[Collected data]:
——————————

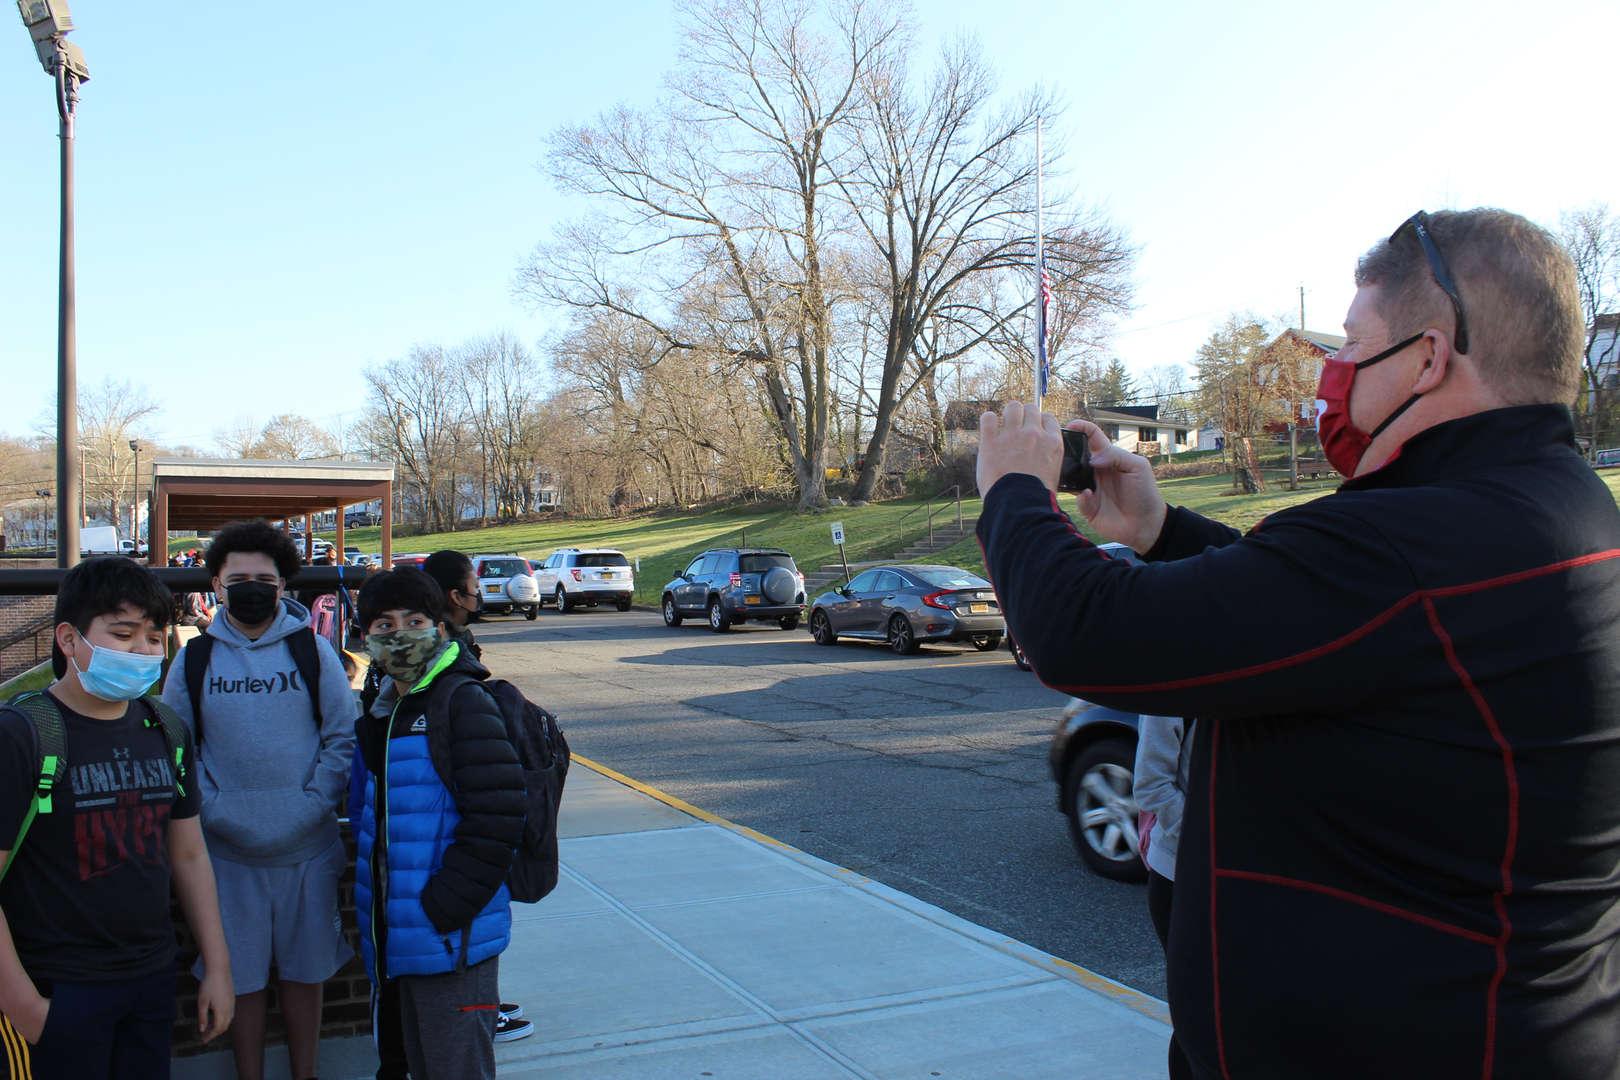 Principal taking a photo of students
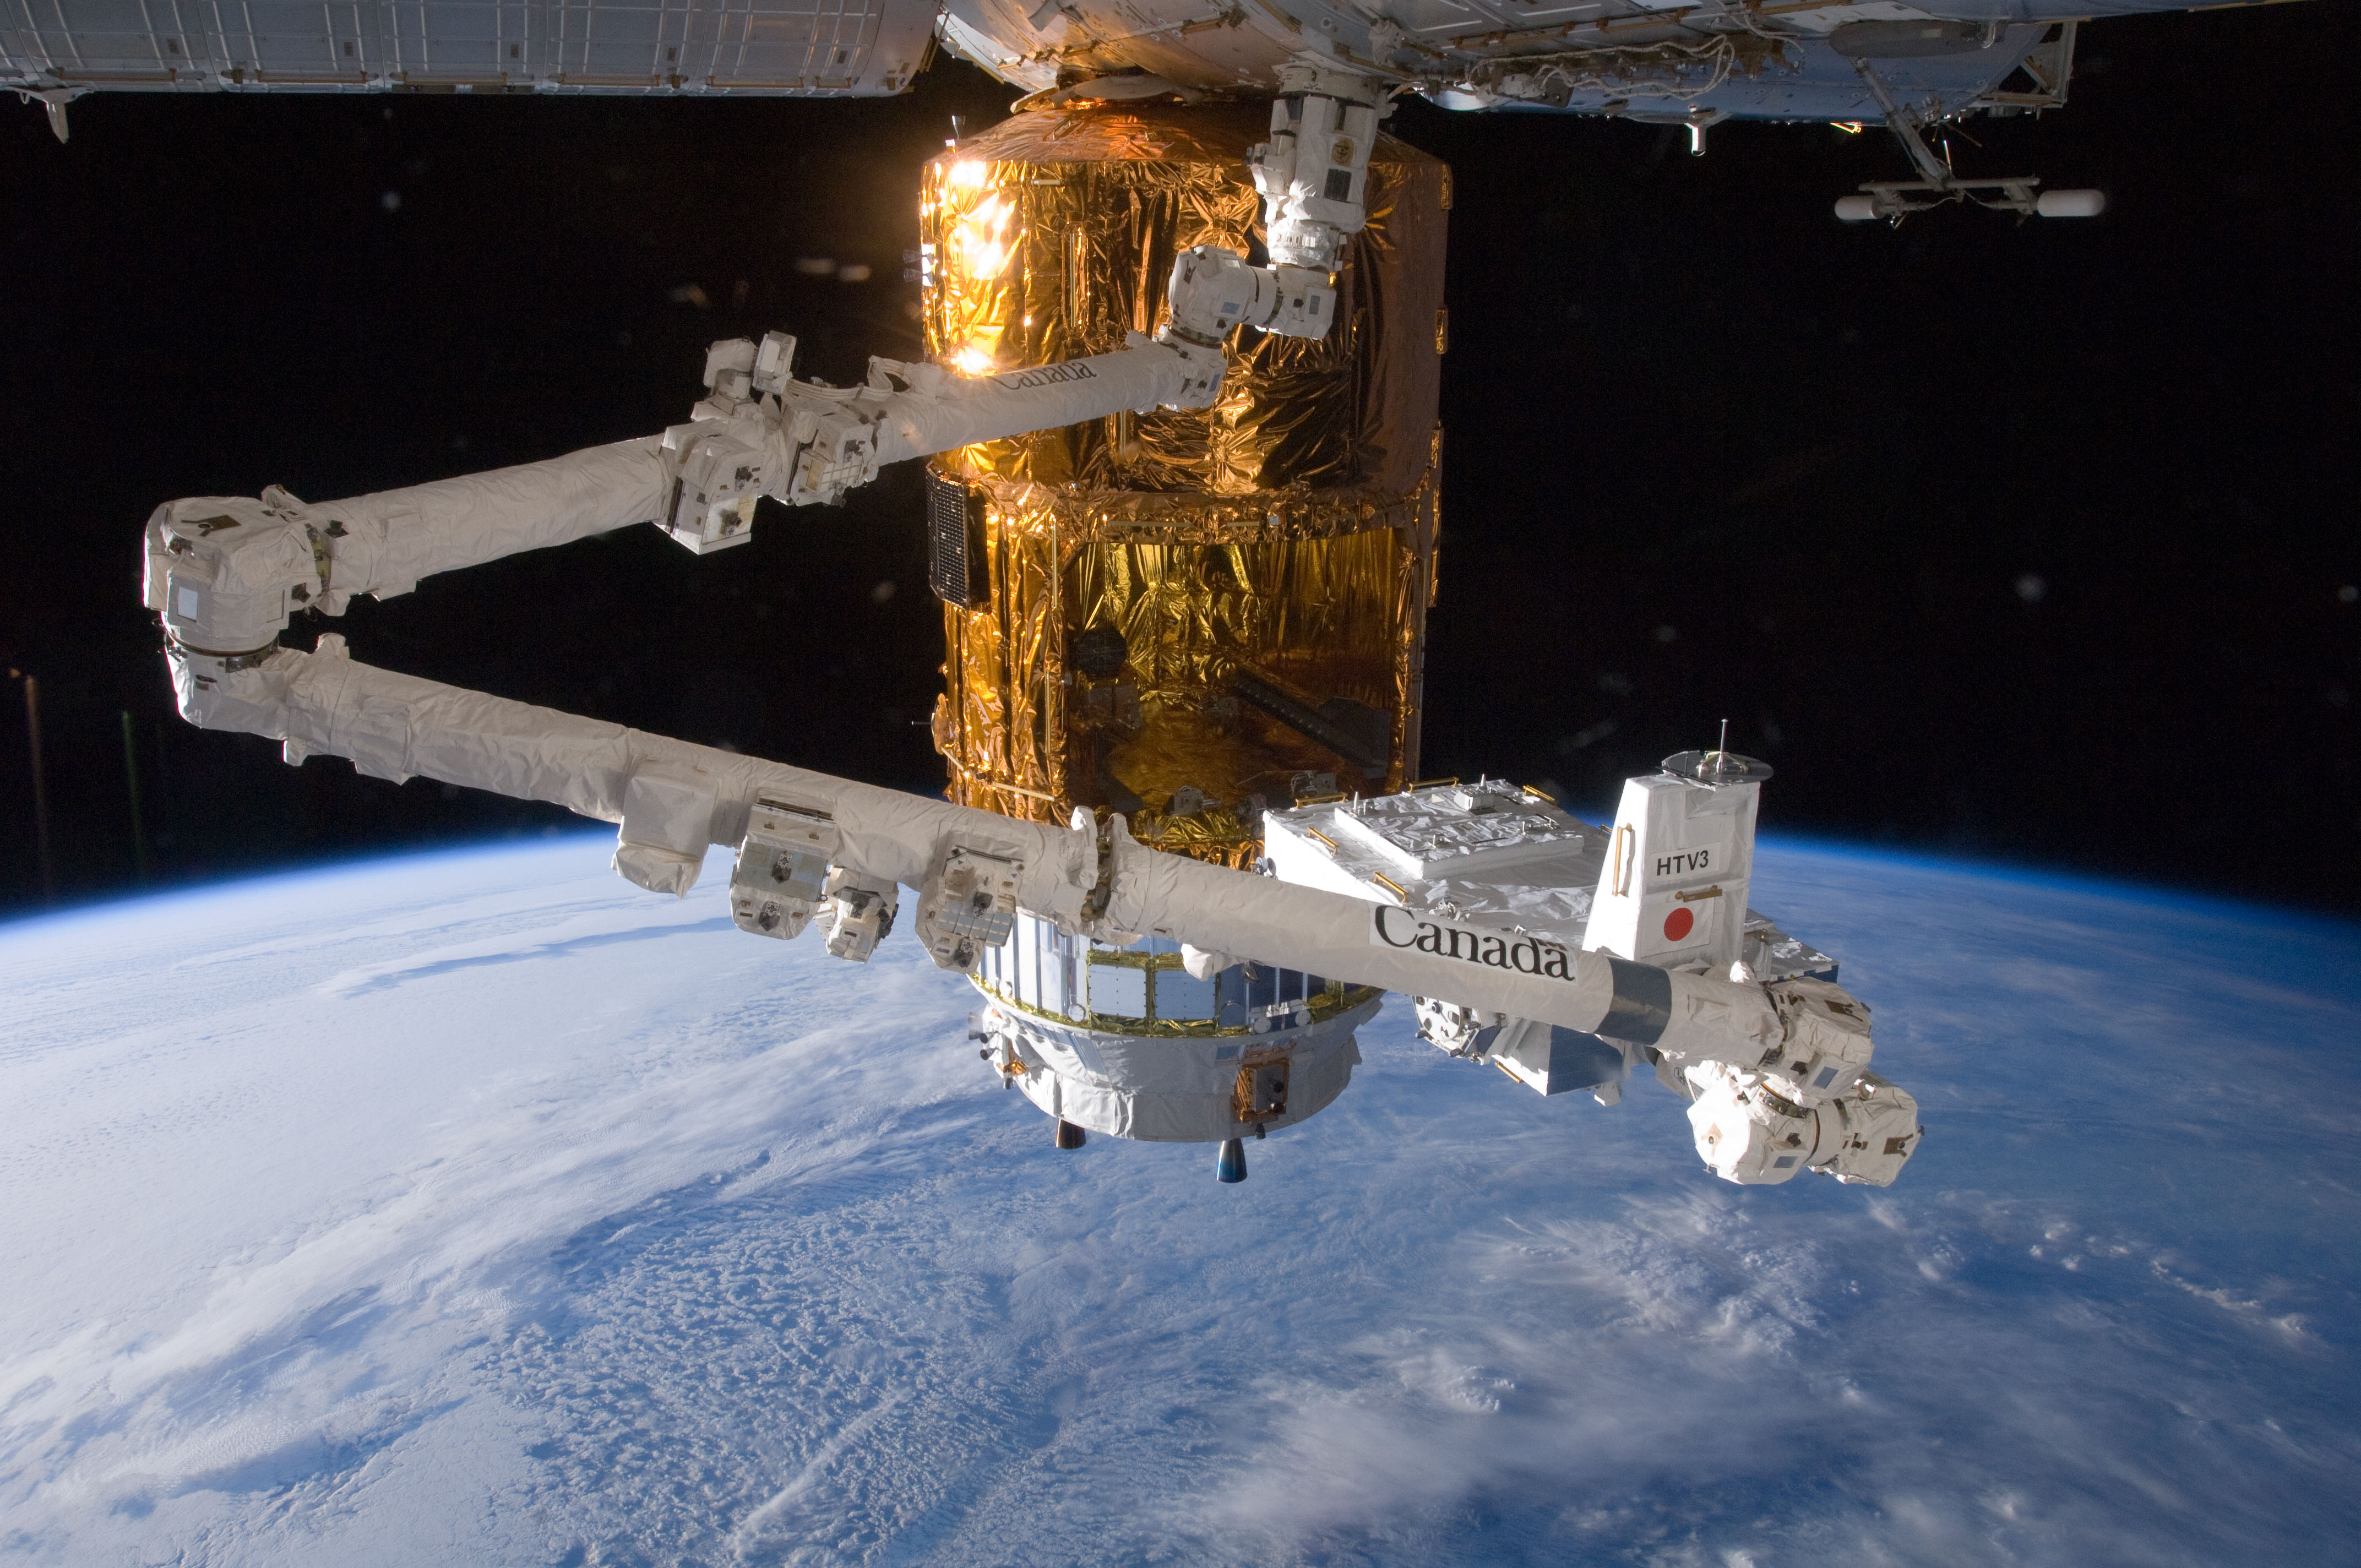 NASA - Canadarm2 and HTV-3
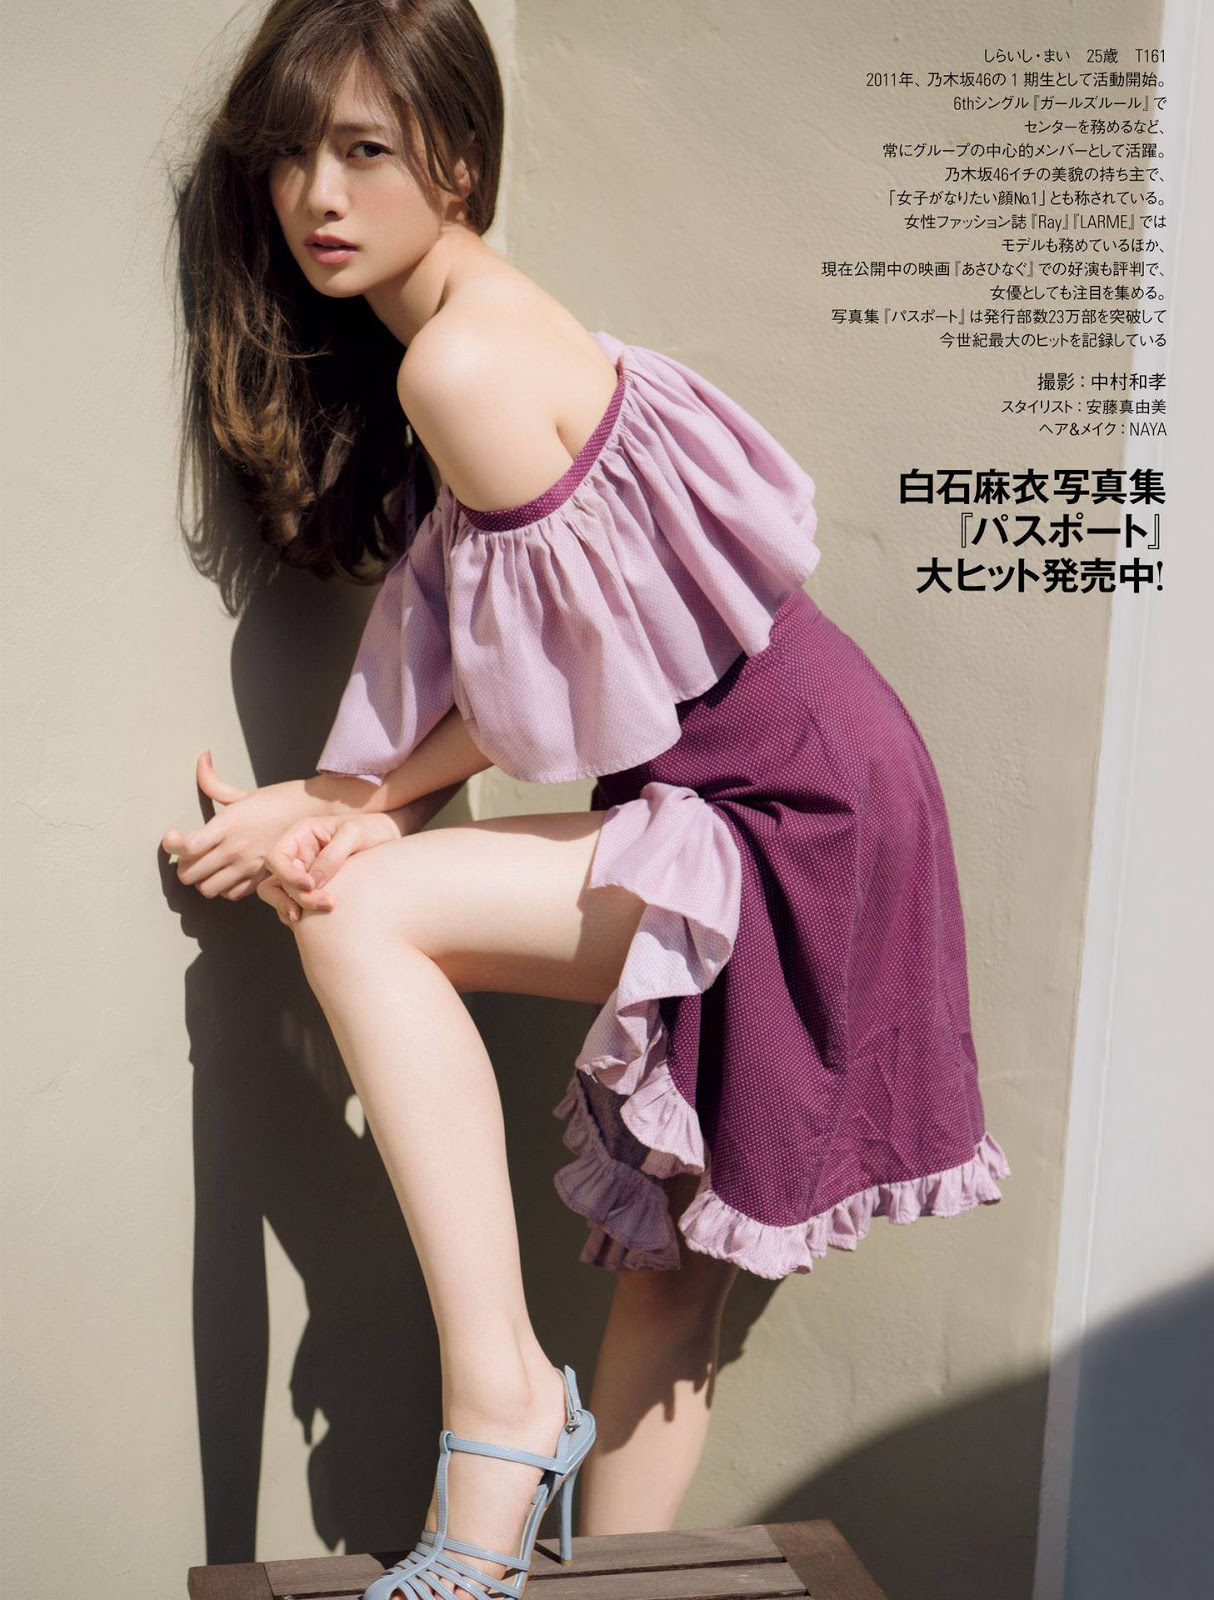 Shiraishi Mai 白石麻衣, FRIDAY 2017.10.16 (フライデー 2017年10月16日号)

——————————

[To do]:
Restate the whole of the material word for word without the pictures.

[Finished task]:
 Principal taking a photo of students
 NASA - Canadarm2 and HTV-3
 Shiraishi Mai 白石麻衣, FRIDAY 2017.10.16 (フライデー 2017年10月16日号)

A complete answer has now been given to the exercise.